We, however, in our endeavor to show our sincerity of only trying to cover local intrastate establishments, went overboard on this language.

You will note that 75 percent of our business has to be performed in one State. I think that "locally owned and controlled establishments" language should better read "independently owned and controlled local enterprise or establishment". (Sen. Hearings on amendments to the Fair Labor Standards Act, 87th Cong., 1st Sess., p. 416.) The same witness also quoted from the Congressional Record of August 18, 1960, the discussion in the course of the consideration of the amendments to the Act by the Senate during the 86th Congress, 2d Session, as follows:

These wholesale and bulk distributors of petroleum products, commonly referred to as oil jobbers, are primarily local businessmen who acquire these products from their suppliers' bulk terminal in the State in which the jobber does business and sell these products to service stations, farmers, and homeowners in the State in which they maintain their place of business *** I am advised that 98.3 percent of all the oil jobbers in the United States sell their products only in the State in which their place of business is located thus qualifying by any definition as local merchants. (Sen. Hearings on amendments to the

Fair Labor Standards Act, 87th Cong., 1st Sess., pp. 415416.)

It thus appears that the word "local" was intended to confine the exemption to enterprises of such local merchants. The enterprise need not, of course, conduct all of its business within the State in which it is physically located, since the exemption specifically provides that it may make a portion of its sales outside the State in which it is located. Section 794.128 The enterprise must be "independently owned and controlled". Another requirement for exemption under section 13 (b) (10) is that the enterprise must be "independently owned and controlled". Since this requirement is in the conjunctive, it must be established that the enterprise which is engaged in the wholesale or bulk distribution of petroleum products is both independently owned and independently controlled.
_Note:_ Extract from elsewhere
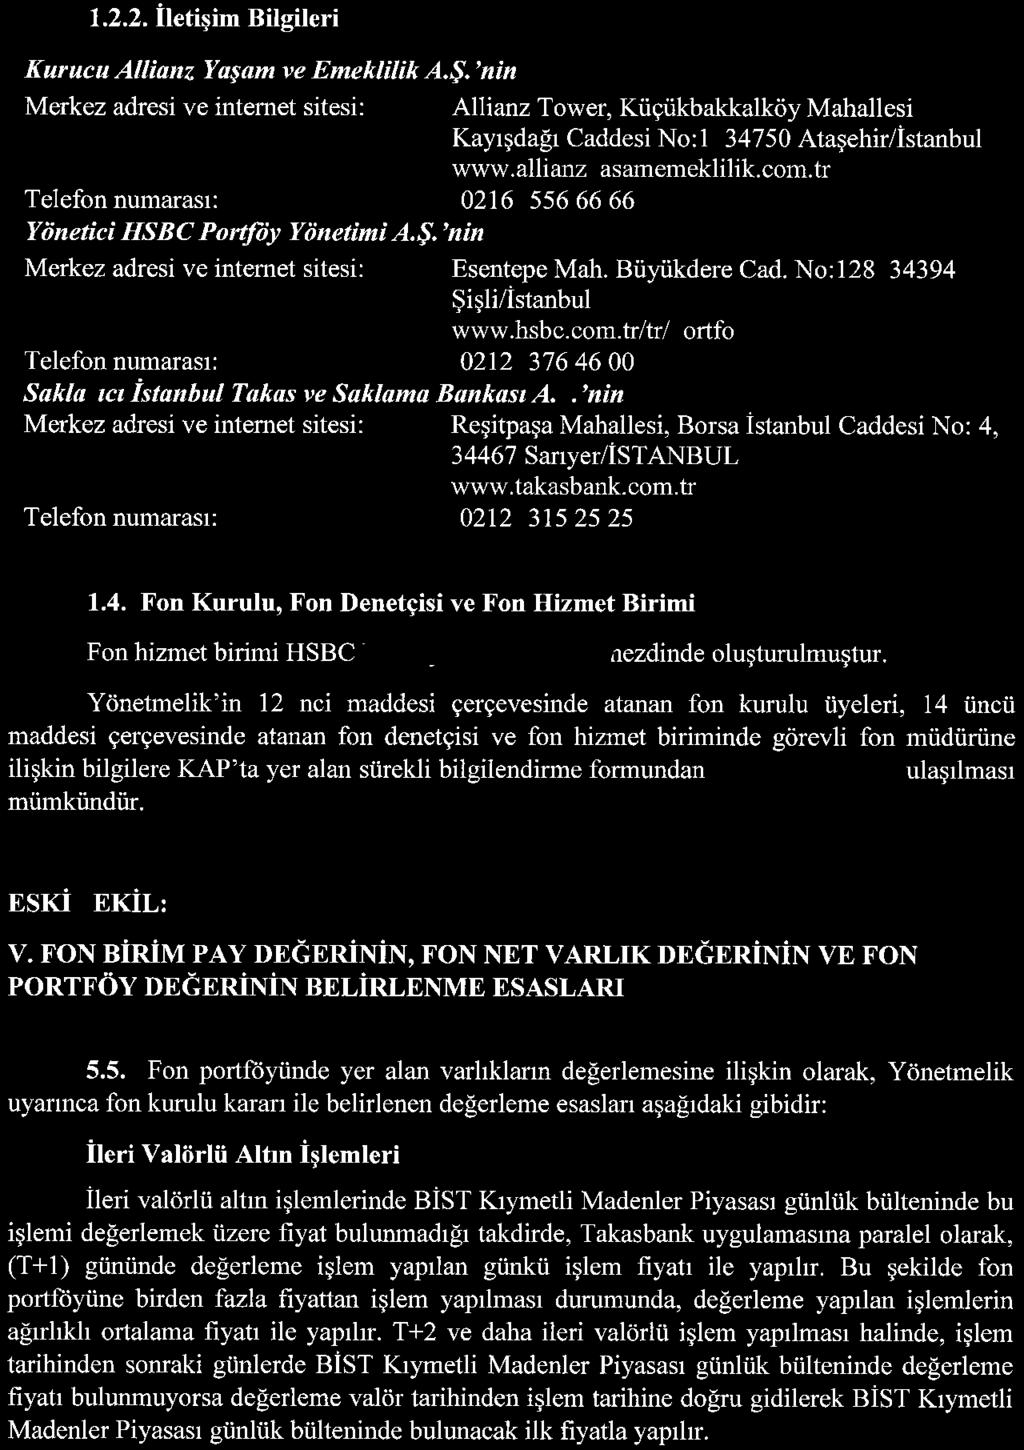 nin 06/02/2004 tarih ve PYŞ/PY/23-18 sayılı Portföy yöneticiliği yetki belgesi iptal edilerek, 6362 sayılı Sermaye Piyasası Kanunu'un 40 inci ve 55 inci maddeleri uyarınca düzenlenen 26/01/2015 ve

At the hearing before the Senate Labor Subcommittee, when the amendment was proposed which eventually was incorporated in section 13(b) (10), a spokesman for proponents of the amendment made the following statement, which bears on this requirement for exemption:

The designation "independent" as applied to an oil jobber means that he owns his own office, bulk storage, and delivery facilities; pays his own personnel, and in all respects conducts his business as any other independent businessman.

It also means that the jobber is not a subsidiary of nor controlled by any so-called major oil company, although the jobber may sell the branded products of such a company.
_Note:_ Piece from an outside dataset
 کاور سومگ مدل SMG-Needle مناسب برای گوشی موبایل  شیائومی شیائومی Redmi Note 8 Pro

Some jobbers own service stations which they lease to independent dealers and a small percentage of jobbers may operate one or more service stations with their own salaried personnel. (Sen. Hearings on the Amendments to the Fair Labor Standards Act, 87th Cong., 1st sess., p. 411.)

It appears, therefore, that the purpose of the requirement limiting the exemption to enterprises which are "independently owned and controlled", was to confine the exemption to those petroleum jobbers who own their own facilities and equipment and who are not subsidiaries nor controlled by any producer, refinery, terminal supplier or so-called major oil company. The fact that the petroleum jobber sells a branded product of a major oil company will not, of itself, affect the status of his enterprise as one which is "independently owned and controlled". So also the fact that the jobber owns gasoline service stations, which he leases or which he operates himself, will not

affect the status of his enterprise as being "independently owned and controlled".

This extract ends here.